Ilmuwan yang melakukan penelitian terhadap sampel lumpur purba yang diambil dari dasar Laut Mati memperingatkan, situasi politik yang tidak stabil di kawasan Timur Tengah bisa semakin parah dengan berkurangnya sumber air. Penurunan pasokan air sendiri ditunjukkan oleh studi yang mereka lakukan.
Dalam studinya, peneliti menggali hingga kedalaman sekitar 275 meter di tengah-tengah cekungan berlumpur di Laut Mati. Dari rekaman yang disimpan oleh sampel sedimen di sana hingga 200 ribu tahun terakhir, diketahui bahwa di masa lalu danau raksasa itu pernah mengering.
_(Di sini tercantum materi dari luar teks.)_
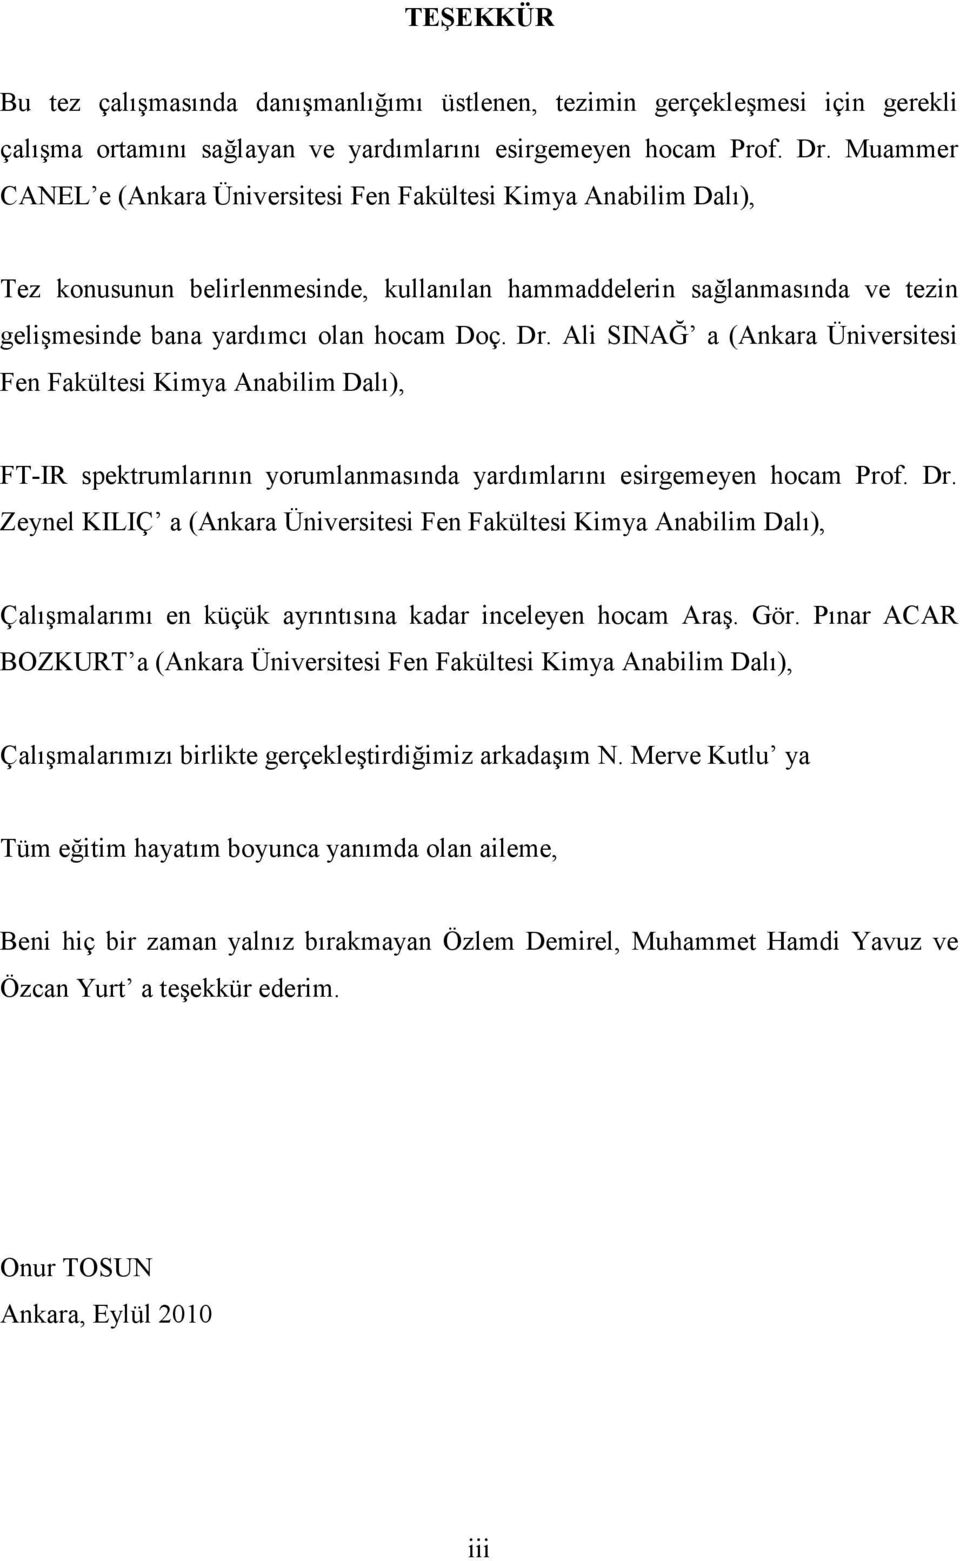 Ali SINAĞ a (Ankara Üniversitesi Fen Fakültesi Kimya Anabilim Dalı), FT-IR spektrumlarının yorumlanmasında yardımlarını esirgemeyen hocam Prof. Dr.

Artinya, pengambilan air dari sungai-sungai yang bermuara di Laut Mati akan menyebabkan pengeringan Laut Mati dan konflik antara Israel dengan tetangganya menjadi tak terhindarkan. “Laut Mati sudah mulai mengering karena manusia mengambil terlalu banyak air yang akan mengalir ke sana. Dari bukti-bukti yang kami dapat, Laut Mati sendiri pernah kering meski tanpa intervensi manusia,” kata Steven Goldstein, peneliti dari Lamont-Doherty Earth Observatory, Columbia University, Amerika Serikat.

“Dalam kondisi seperti ini, Laut Mati akan kembali kering dalam waktu dekat. “Ini merupakan kondisi yang harus kita pikirkan,” ucapnya.

Saat ini, kata Goldstein, praktis tidak ada air segar yang masuk ke Laut Mati. Seluruh air yang ada di lembah tersebut sudah digunakan dan itu hanya merupakan sebagian masalah. “Menggunakan model pemanasan global, kita bisa melihat bahwa air yang mengalir lewat sungai dan digunakan manusia, tidak akan kembali lagi ke sungai,” ucapnya.

Air sendiri merupakan faktor yang sangat menentukan dalam stabilitas politik di kawasan Timur Tengah. Penemuan bahwa Laut Hitam pernah benar-benar kering pada periode sekitar 125 ribu tahun lalu mengindikasikan bahwa kawasan itu jauh lebih rentan terhadap kekeringan dahsyat dibandingkan dengan perkiraan sebelumnya.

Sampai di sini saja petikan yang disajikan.